Many players would not begrudge a summer season as it allows them to play in pathway competitions for the remainder of the year. The current shortened season played in winter would see many athletes play less football overall, similarly under-serving their bodies, their talent, and the competition.

... all point to the AFL’s desire to ‘own’ the entire year

We often hear of the need for ‘clear air’ – a magical time in the sporting calendar where AFLW could be given its due attention by broadcasters and audiences alike. However, this has never actually happened. Initially squashed between the Australian Open and the beginning of the AFLM season, the W has never had a free go at audiences or broadcast. Even the clubs push out content daily on their AFLM teams’ pre-season happenings throughout the AFLW season. If the AFL wanted to prioritise ‘clear air’ for the AFLW, they would recognise it as a winter sport and make time to stage it alongside the already lengthy AFLM season.

The AFLW’s placement at the start of summer, combined with extra draft ceremonies after the AFLM season, all point to the AFL’s desire to ‘own’ the entire year. The AFL’s participation marketing push this year squarely exploits this idea with the tagline ‘taste summer footy’ paired with the image of an ice-cream cone in the shape of a football.
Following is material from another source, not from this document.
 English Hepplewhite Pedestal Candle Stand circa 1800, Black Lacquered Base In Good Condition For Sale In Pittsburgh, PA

The downside of this approach for the AFL, is the possibility of fan fatigue. Right now, the AFLW is competing with the Ashes, the Big Bash League and the Australian Open, to name a few.
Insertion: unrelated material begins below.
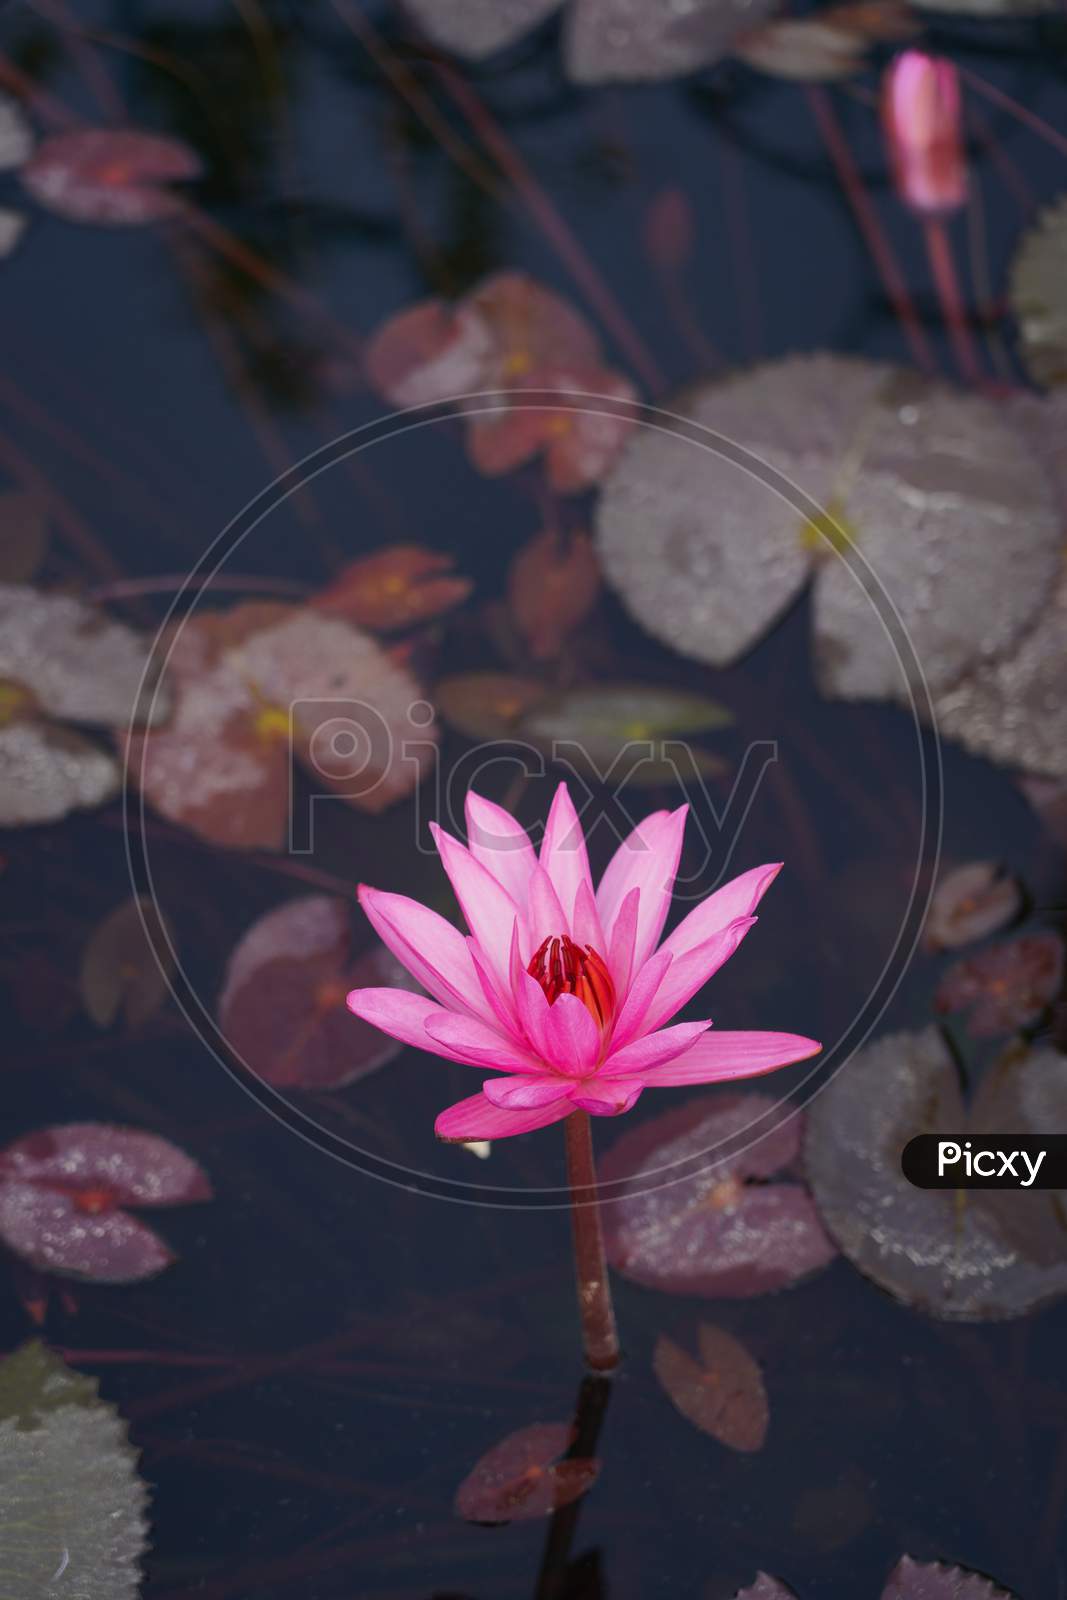 A Pink Color Lotus Flower In Blue Color Water Along With Other Leaves And Water Plants.
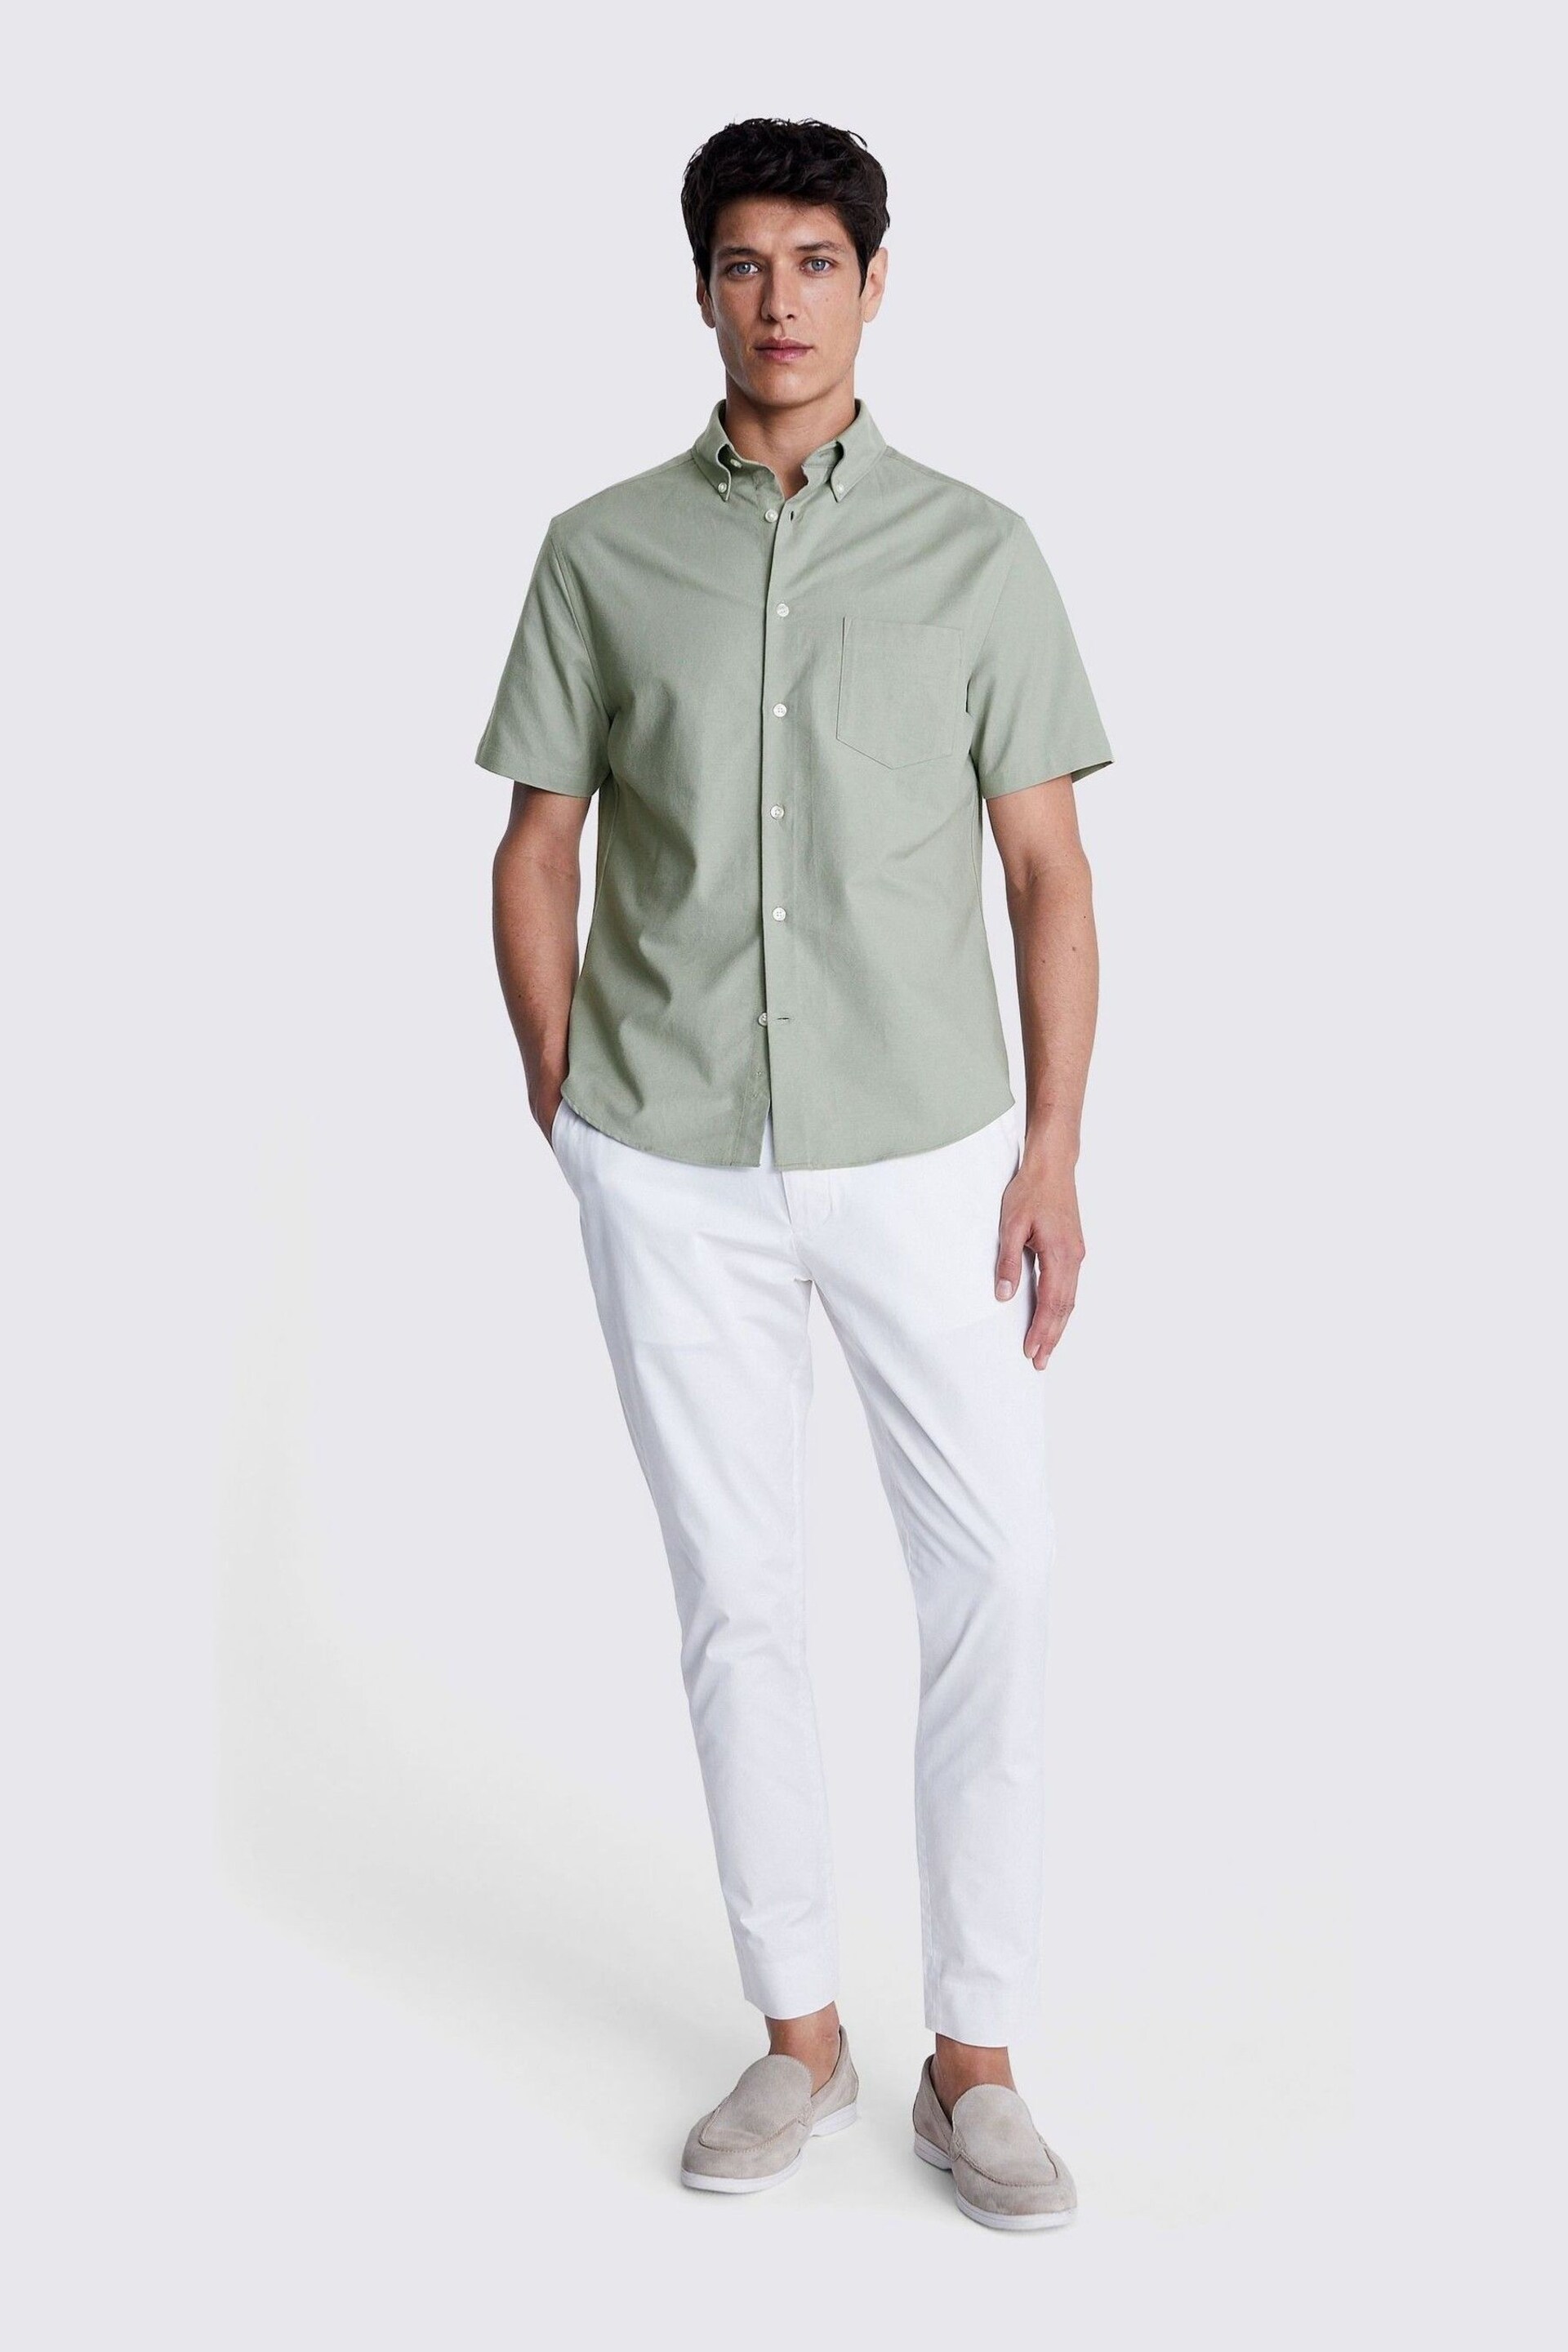 MOSS Sage Green Short Sleeve Washed Oxford Shirt - Image 3 of 6

Related: AFLW loses two of its brightest stars for rest of season due to knee injuries

As part of our discussion about the AFLW in summer, The Outer Sanctum polled listeners on the ideal time for the season to run. The response by fans was a clear preference for a winter season, with many assuming it would ultimately find its place there. No doubt, devoted fans will sweat it out in summer until then. What we cannot shake, however, is that the shorter season and part-time status of the players create the impression that the AFLW is still the summer sideshow to the main event in winter. That is, the men’s game. Were it to be played in winter, there is a risk the AFLM media coverage would drown out the AFLW. However given the way the AFL has built an ever-growing audience around the AFLW, perhaps a concerted marketing campaign by the AFL could circumvent this.

The ultimate solution for all would be a full 18-round season played in the winter and, one day, equal pay and full-time status. Time (and some major sponsors) will determine how long before we reach that horizon.